Как соперничать с таким ареопагом талантов и благородных душ, обладавших международным признанием и уже тридцать пять лет остававшихся глубоко сплоченной группой? В противоположность нашему кругу (Нэш, Блисс, Бакс), мужчины из Блумсбери по разным причинам не побывали на Первой мировой. У них было время отлакировать подобавшие им карьеры и поддерживать менталитет, позволивший стать живыми легендами: уверенно сформировывать живую элиту по ими же установленным законам, откуда и известная надменность к тем, кого они считали людьми «не своего круга». Происходившие из самых благовоспитанных слоев буржуазии, они были красивы, блестяще образованы, полны достоинства. Большинство – выпускники Кембриджа. Кружок скрепляли тесные узы вплоть до эндогамии. Арт-критик Клайв Белл приходился деверем Вирджинии Вулф, а художница Ванесса Белл была ее сестрой. Все были бисексуалами и охотно обменивались партнерами. Так, художник Дункан Грей был любовником Кейнса, перед тем как тот женился на моей подруге Лидии, что отнюдь не мешало Дункану во всеуслышание заявлять, что и он в нее безумно влюблен.
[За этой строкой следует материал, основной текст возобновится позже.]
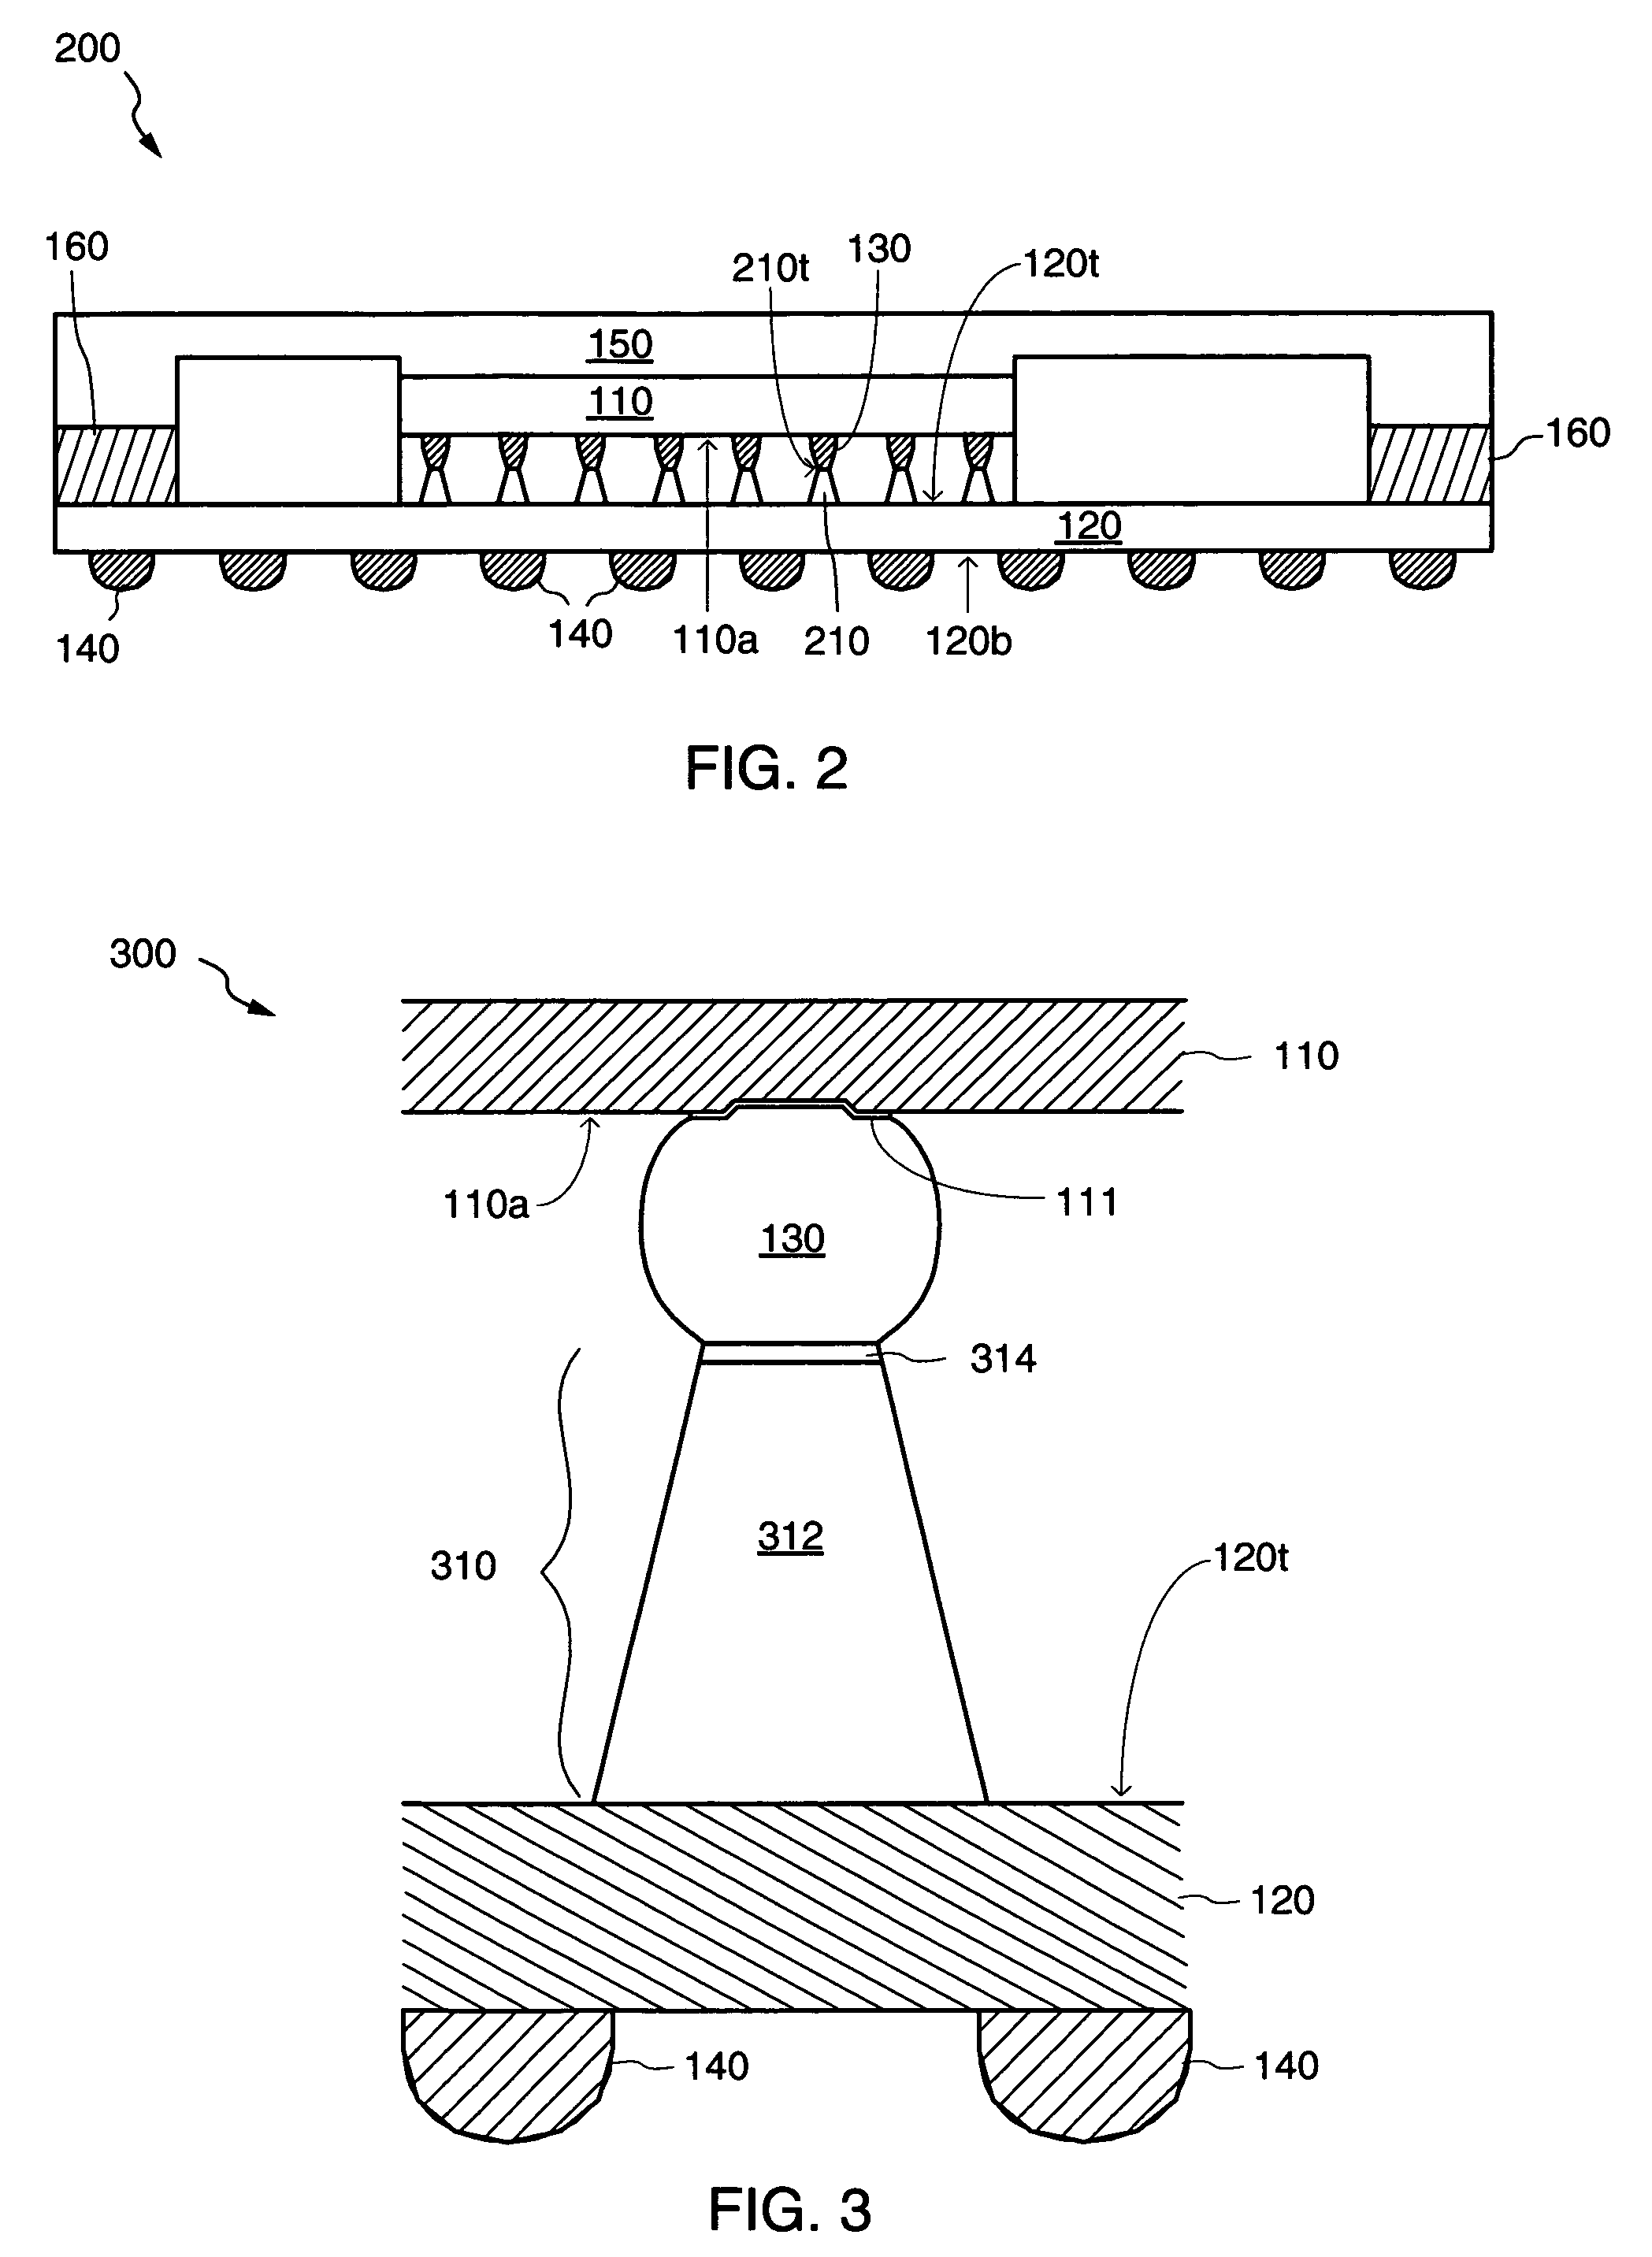 Flip-chip package having thermal expansion posts

Если не считать атеизма, свободы нравов, комплекса превосходства и известной концепции Красоты («Смысл красоты – проложить привилегированный путь морали»), члены этого братства имели немного общего. Политически их мало что объединяло. Факт в том, что среди них были, поддерживавшие и распространявшие их труды, и богатый наследник (Клайв Белл), и издатели, литературные критики, владельцы больших журналов (в их числе муж Вирджинии Вулф, основатель «Хогарт Пресс»), и книготорговцы, владельцы собственных неплохих книжных магазинов, – но что не менее важно, что все они взаимно поддерживали друг друга, сочиняя мемуары, где взаимно цитировались, что способствовало репутации и долгожительству кружка Блумсбери.

Но хотя наш скромный кружочек и не мог потягаться с такой армадой, в одном нам все-таки повезло: Генри (который тоже был выходцем из Кембриджа) и я близко познакомились с одним из них, и не последним: Джоном Мэйнардом Кейнсом.

Пора разлук

Биконсфилд, 20 июня 1969

Прежде чем вспомнить о необычной и симпатичной паре – экономисте Кейнсе и балерине Лидии Лопуховой – и о ее важной роли в моей жизни, надо вернуться к соображениям более личного характера.

Генри, устав от скромной должности в банковской системе, в начале 1922 года наконец воскресил старые связи и получил неожиданное назначение: пост генерального секретаря в британской делегации Союзнической комиссии по военным репарациям в Болгарии. Два года спустя он станет ее официальным делегатом. Помимо того, что эта должность куда больше соответствовала компетенции моего мужа, так еще и зарплата выросла в семь раз по сравнению с банковской – иначе говоря, она стала эквивалентной цивильному листу царя Болгарии Бориса III! Я предпочла бы Прагу, где еще юной балериной познала первый вкус большого успеха, Прагу, так изобиловавшую памятниками и культурой, – но утешилась тем, что снова вспомню тесные связи Болгарии с моей родиной и возможностью поддержать потоки беженцев из России, прибывавших в те годы в Софию.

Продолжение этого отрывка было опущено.